Meet State Rep. Mary Hakken-Phillips

Age:

39

Area represented:

Hanover and Lyme (Grafton 12)

Occupation and employer:

Attorney, Tarbell & Brodich, PA

Number of years in NH:

5

Favorite place in NH:

My favorite place in New Hampshire is Hanover – a bustling community at the intersection of the Appalachian Trail, Connecticut River, Dartmouth College, and New England-style politics.

Describe NH in three words:

Community. Nature. Patriotism.

Year first year elected to the legislature:

2020.

Legislative priorities:

My legislative priorities are retaking Democratic control of the New Hampshire House, Senate, Governor’s office, and Executive Council while working towards a more just, equitable, and inclusive State.

What was your path to politics?

My path to politics is grounded in a lifelong interest in politics and the law, springing from as far back as middle school when I served in student government. In high school, I was an American Legion Auxiliary’s Michigan Girls State Delegate. In college, I was as a U.S. Senate Intern in Washington, DC. I’ve volunteered as a grass roots campaigner in County, State, and National elections, including knocking on doors and phone banking for judges, presidents, and policies. My education is in Political Science and Law. I am member of the NH Bar and currently practice Real Estate and Business Law.

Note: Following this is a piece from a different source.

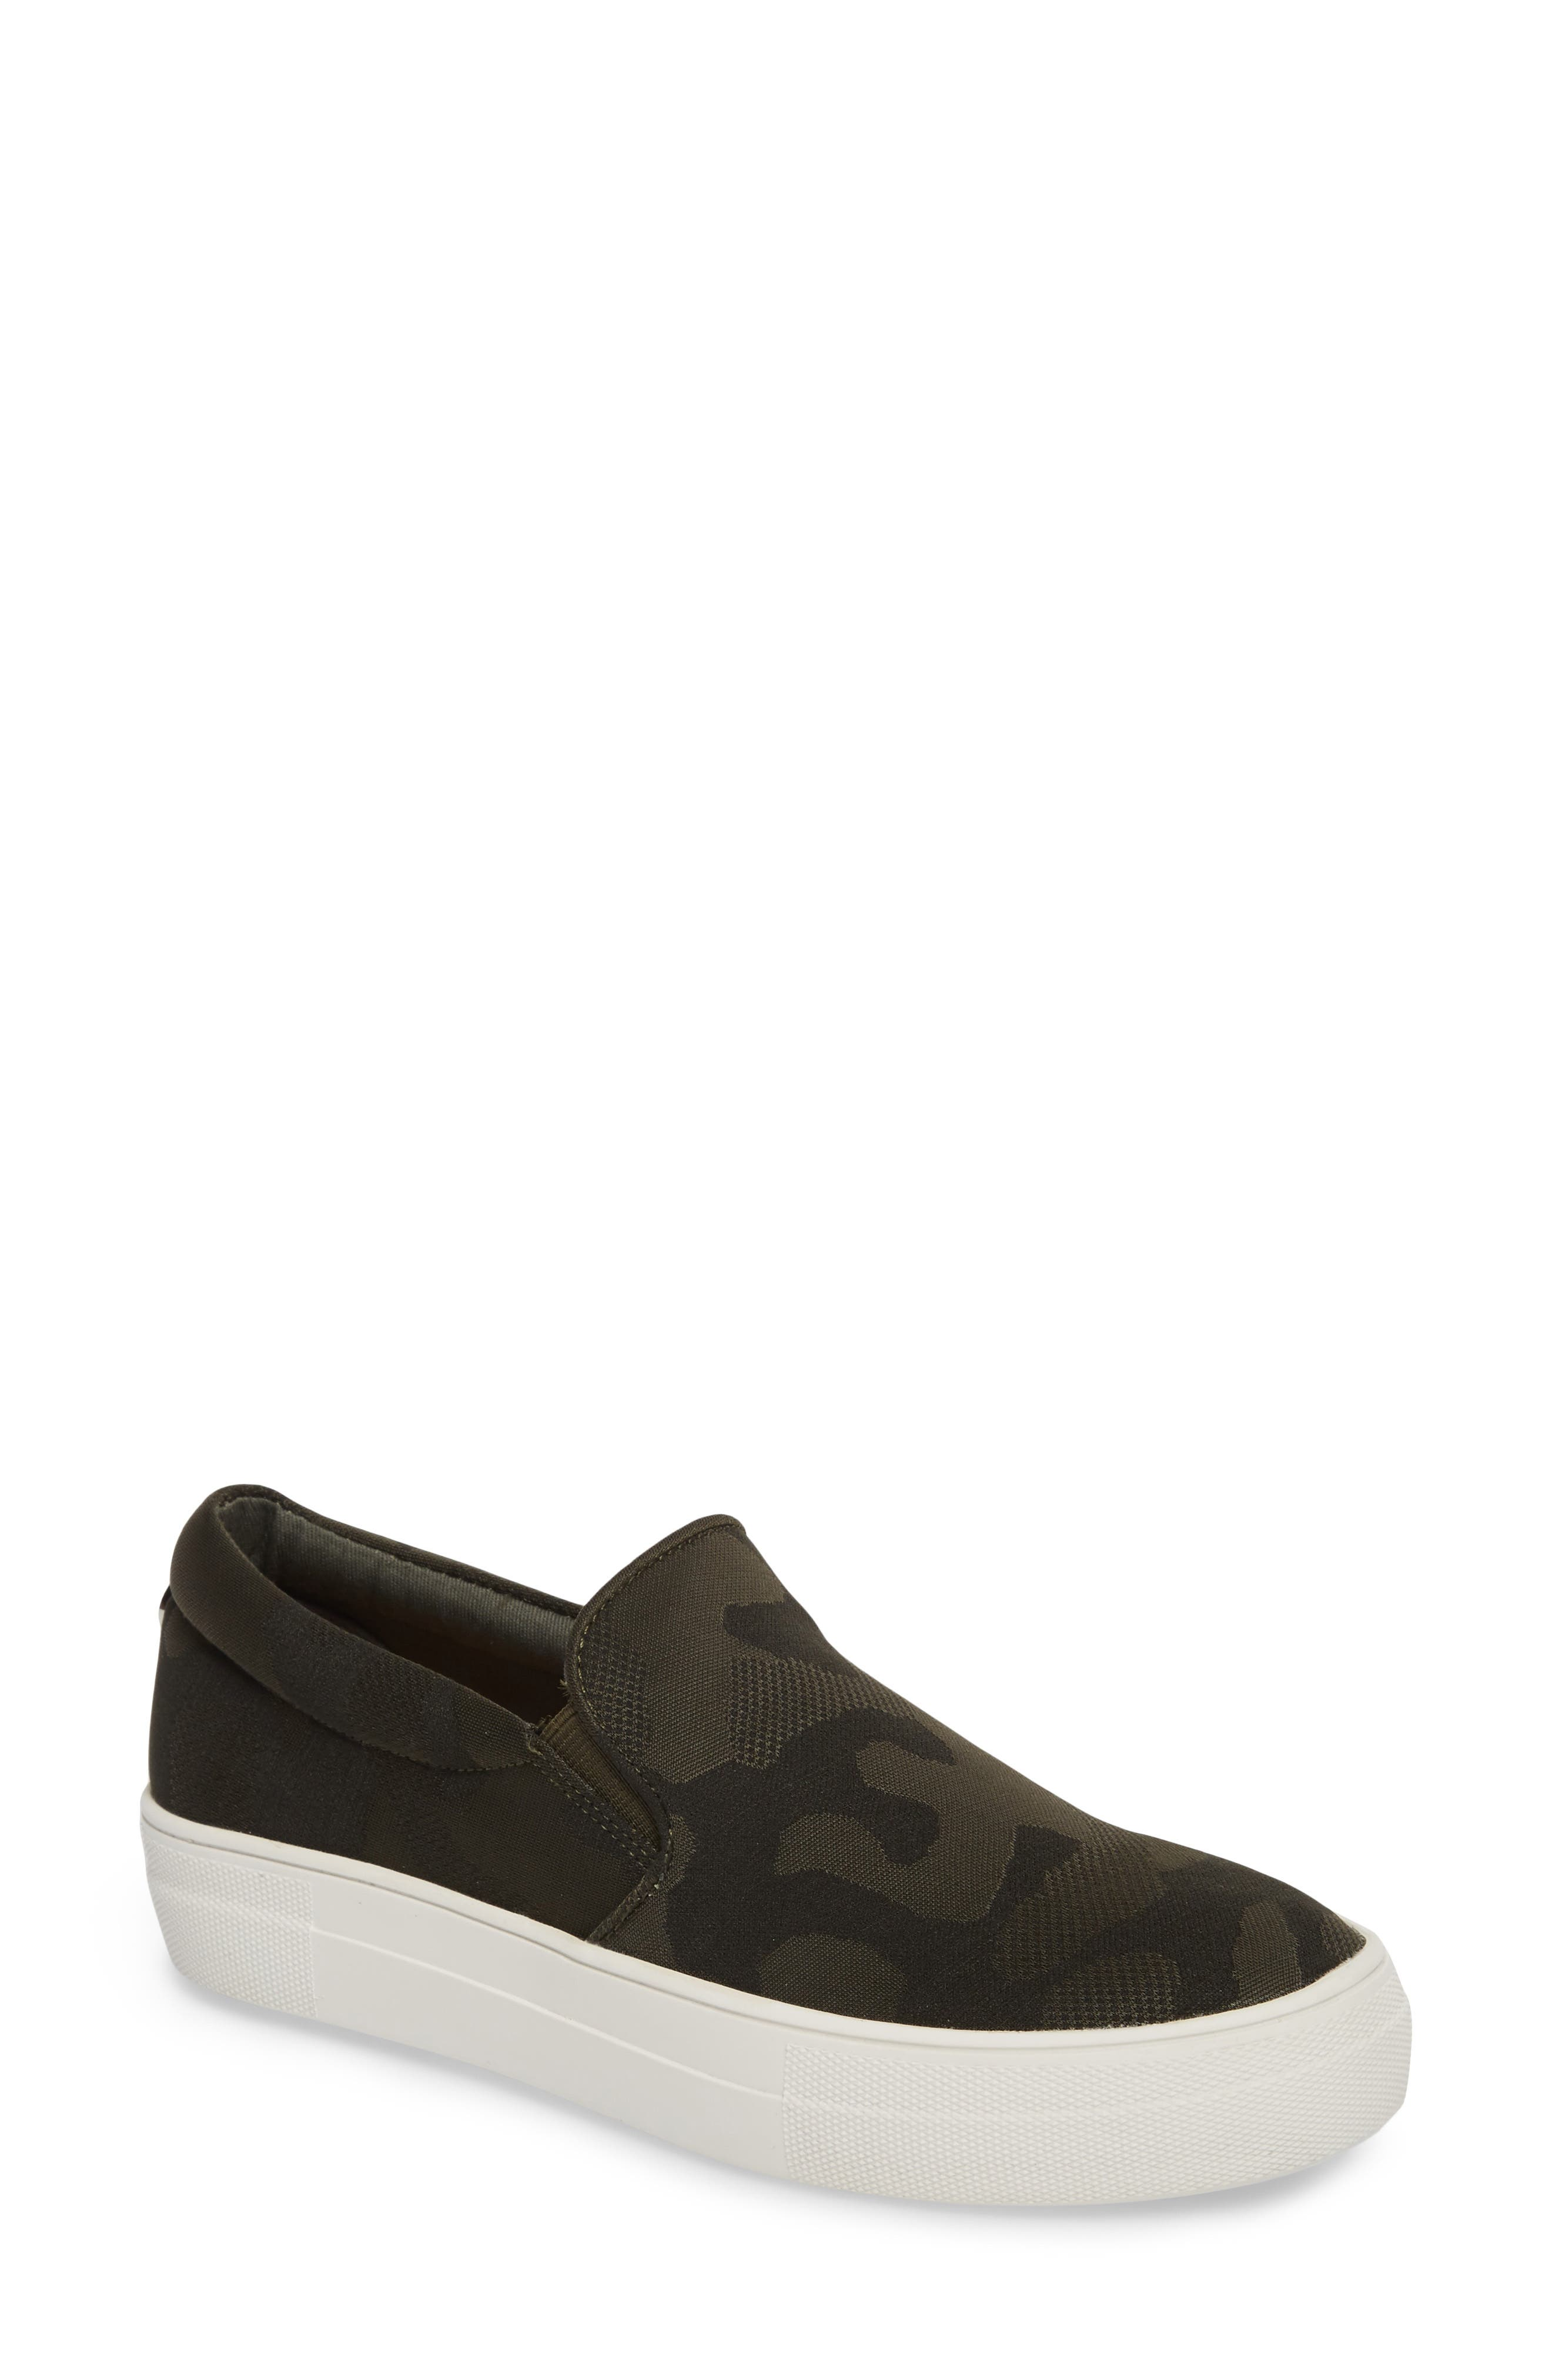 Alternate Image 1 Selected - Steve Madden Gills Platform Slip-On Sneaker (Women)

I believed 2020 was going to be a milestone year for the Democratic Party to more adequately reflect its base by nominating and electing socially progressive, highly qualified women, LGBTQ+ and BIPOC to NH government. I believe Science, facts, logic and reasoning should be driving policy-making. I believe in the rule of law. I believe people like me need representation in all levels of government. And, I believe there is no time like the present – so I ran for office.

What barriers did you face running for office? How did you overcome them?

The biggest barrier I faced running for office was a crowded field. I had a competitive primary with 9 candidates on the ballot (although one dropped before election day). There were so many qualified candidates who were deeply passionate about New Hampshire. Luckily, I advanced to the general election by staying active with the local Party, relying on my previous grassroots campaign experiences, preparing my thoughts in advance of Party events, and supporting my positions with data and well-informed arguments.

What is the most pressing issue facing young people in NH?

The most pressing issue facing young people in NH is the pandemic. COVID-19 will continue to put pressure on affordable housing, education, employment, healthcare, student loan debt, and voting rights. In order to address our State’s greatest concerns, we need a healthy electorate and economy. That requires people getting vaccinated, wearing masks, washing hands, and staying socially distant to reduce infection rates and prevent unnecessary deaths.

How could NH be made even better for young people?

Improving New Hampshire for young people requires young people to get involved. The more representation of younger people on nonprofit boards, corporate boards, school boards, select boards, private associations and government at all levels will naturally lead to addressing the concerns of young people. The gap between young people’s aspirations and our current society can be filled by using our voices in all places where decisions are being made.

What advice do you have for other young people considering running for office?

Please don’t wait for someone to tell you that you’re ready or that you’re experienced enough. Find your support system and run for office. If you care about policy, you are enough.

How can the state legislature be more supportive in encouraging more young people to run for office?

The NH Legislature can be more supportive in encouraging more young people to run for office by dispelling with the notion that NH has a part-time legislature. After two months of session, I can attest that the job of a NH State Representative is nearly full-time with odd evening hours and weekend overtime. By insisting that this is a part-time legislative body, NH props up an elitist form of government where those who don’t have flexible work hours and supportive childcare are excluded. If only retirees and independently wealthy legislators are creating policy, then the rest of the State will never be adequately represented. If a diversity of voices is omitted from the NH State House, then the Granite State is only hurting itself. NH needs to pay a livable wage to lawmakers and offer childcare, so that our legislators and legislation more accurately reflects a cross-section of our population.

Can you recommend a resource for young people that are interested in learning more about politics, policy and bills, or advocacy?

Staying informed isn’t easy and there is no one stop shop. The best resources for young people interested learning more about politics, policy, and advocacy are: your local party office, independent news publication, and public radio station.

For fun, tell us something about yourself that others may not know!

I enjoy running, and walking my two rescue dachshunds.

[Also, I’m running out of time on the “Under 40” label. I turn 40 in a couple months.]